As for me, I usually snack on a balanced diet of:

  • Salmon
  • Walnuts
  • Sweet potatoes
  • Eggs
  • Spinach
  • Lentils
  • Greek yogurt
  • Blueberries
  • Poultry

...and other nutrient-rich foods that give me all the balanced nutrients a body needs!

Hopefully, this gives you an idea of what to munch on.

Final Thoughts

One thing I highly encourage when it comes to all manners of skincare: patience.

To get the most out of vitamins, I recommend using vitamin-rich products (like a serum with vitamin C) in addition to a vitamin-rich diet.

That way you’re getting the nutrients you need from the inside out!

It's also important to remember that it takes time to notice a true difference in your skin’s texture and appearance.

Now, it’s always my intention to inform - never to persuade or dissuade anyone from choosing certain treatments or making health-related decisions.

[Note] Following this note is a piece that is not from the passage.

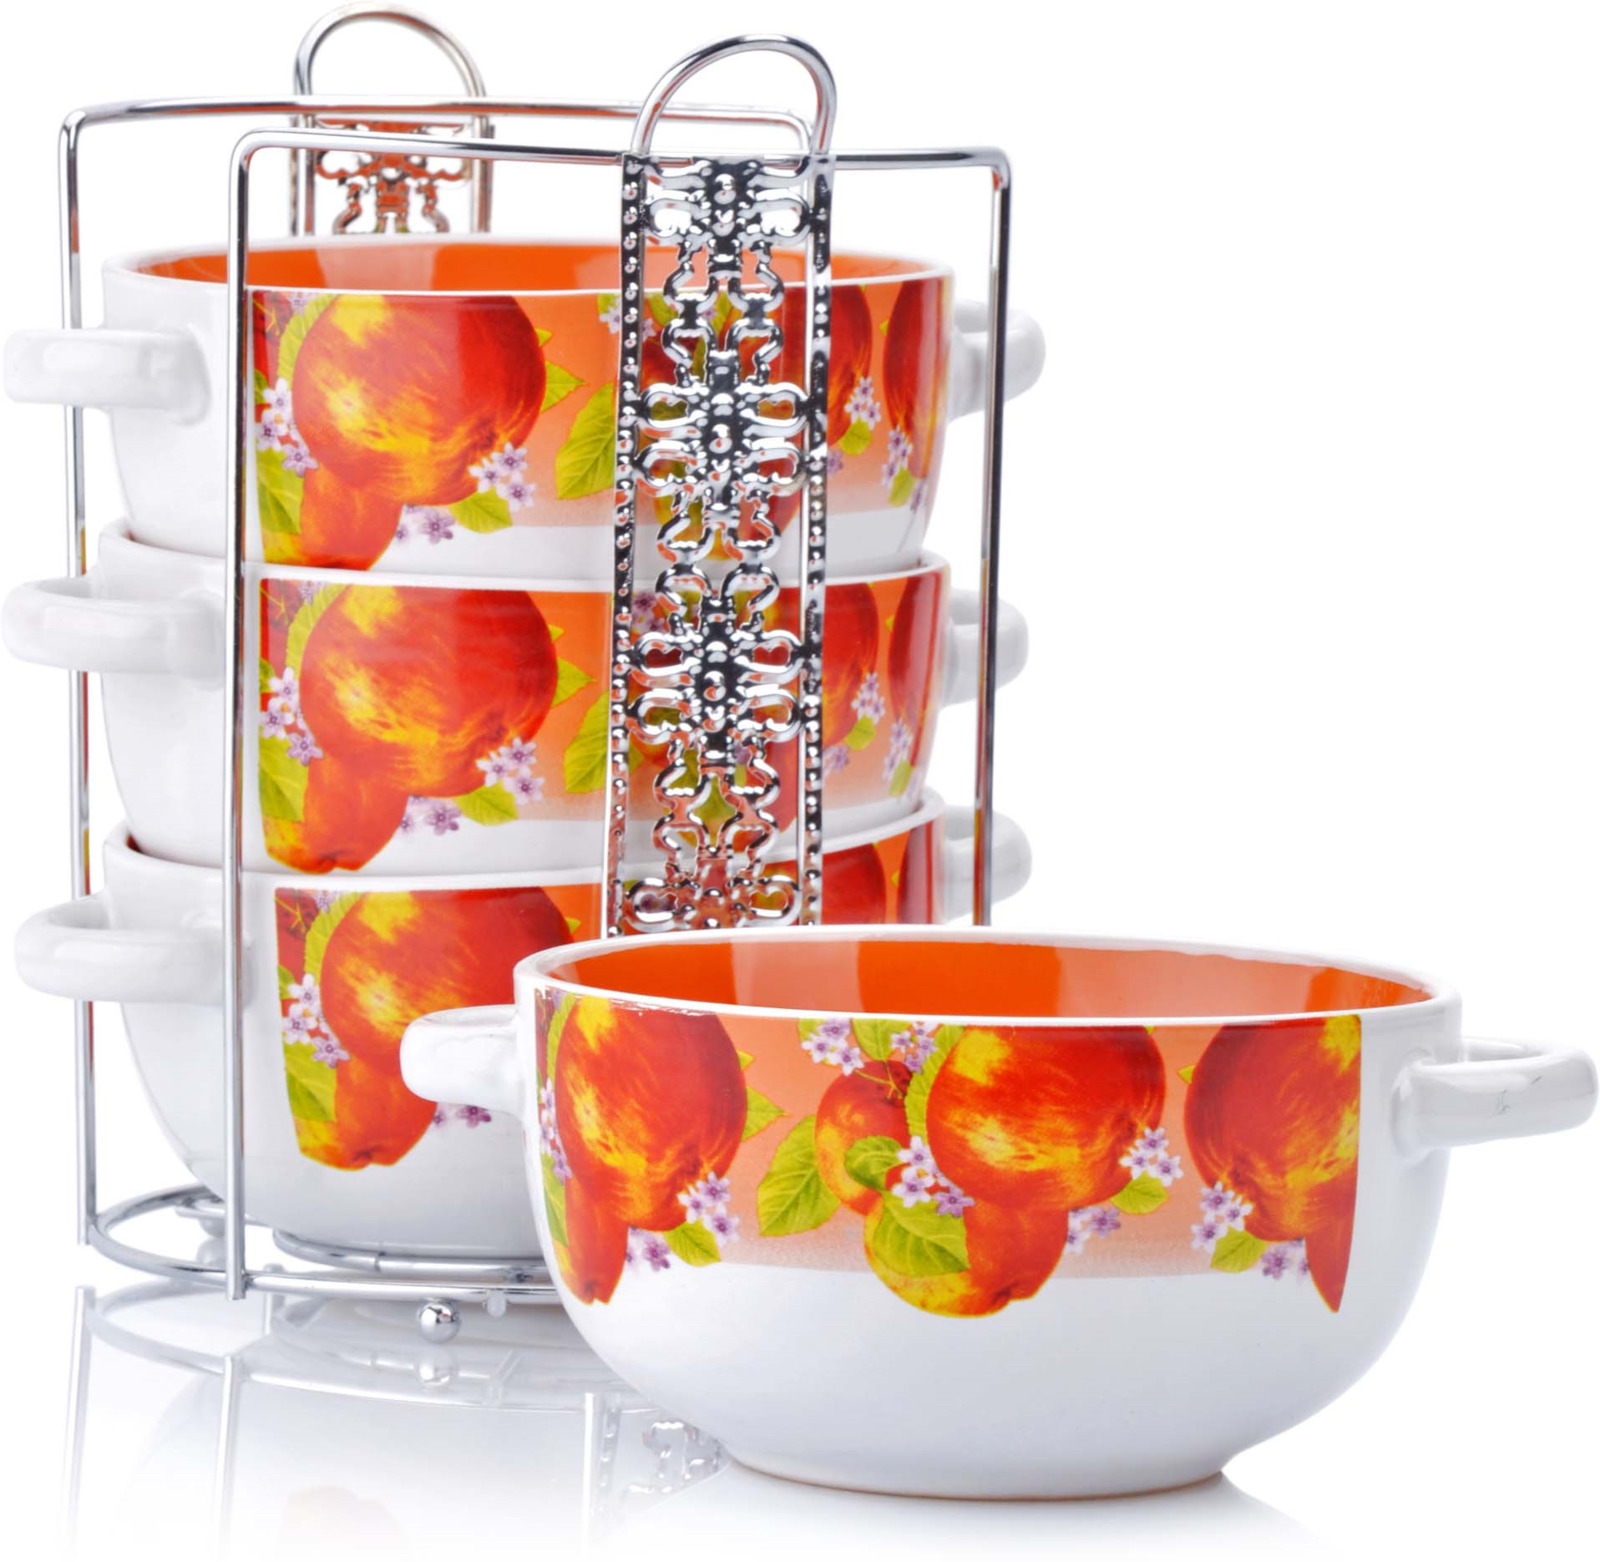 Набор из 4-х супниц Loraine выполнен из высококачественной керамики и украшен декоративным рисунком. Супницы компактно располагаются на оригинальной подставке из нержавеющей стали и не занимают много места при хранении. В керамической посуде блюда сохраняют свои вкусовые качества, кроме того она обладает термической и химической прочностью. Благодаря оригинальному дизайну, такие супницы отлично подойдут как для ежедневного использования, так и для праздничной сервировки стола. Изделия оснащены двумя удобными ручками. В наборе: 4 супницы, 1 подставка. Подходит для мытья в посудомоечной машине.

I would never just throw a list of beauty supplements at you and encourage you to try them for the sake of trendiness!

I choose to educate based on my professional experiences as a licensed esthetician.

But, as always, my advice shouldn’t replace that of a licensed medical practitioner.

Please consult your doctor or dermatologist first before trying anything new!

Figuring out what beauty supplements (if any) you want to try isn’t necessarily a one-size-fits-all kind of decision.

Lovelies, what do you think of beauty supplements? Would you ever try them, or are you against them? Share with us in the comments!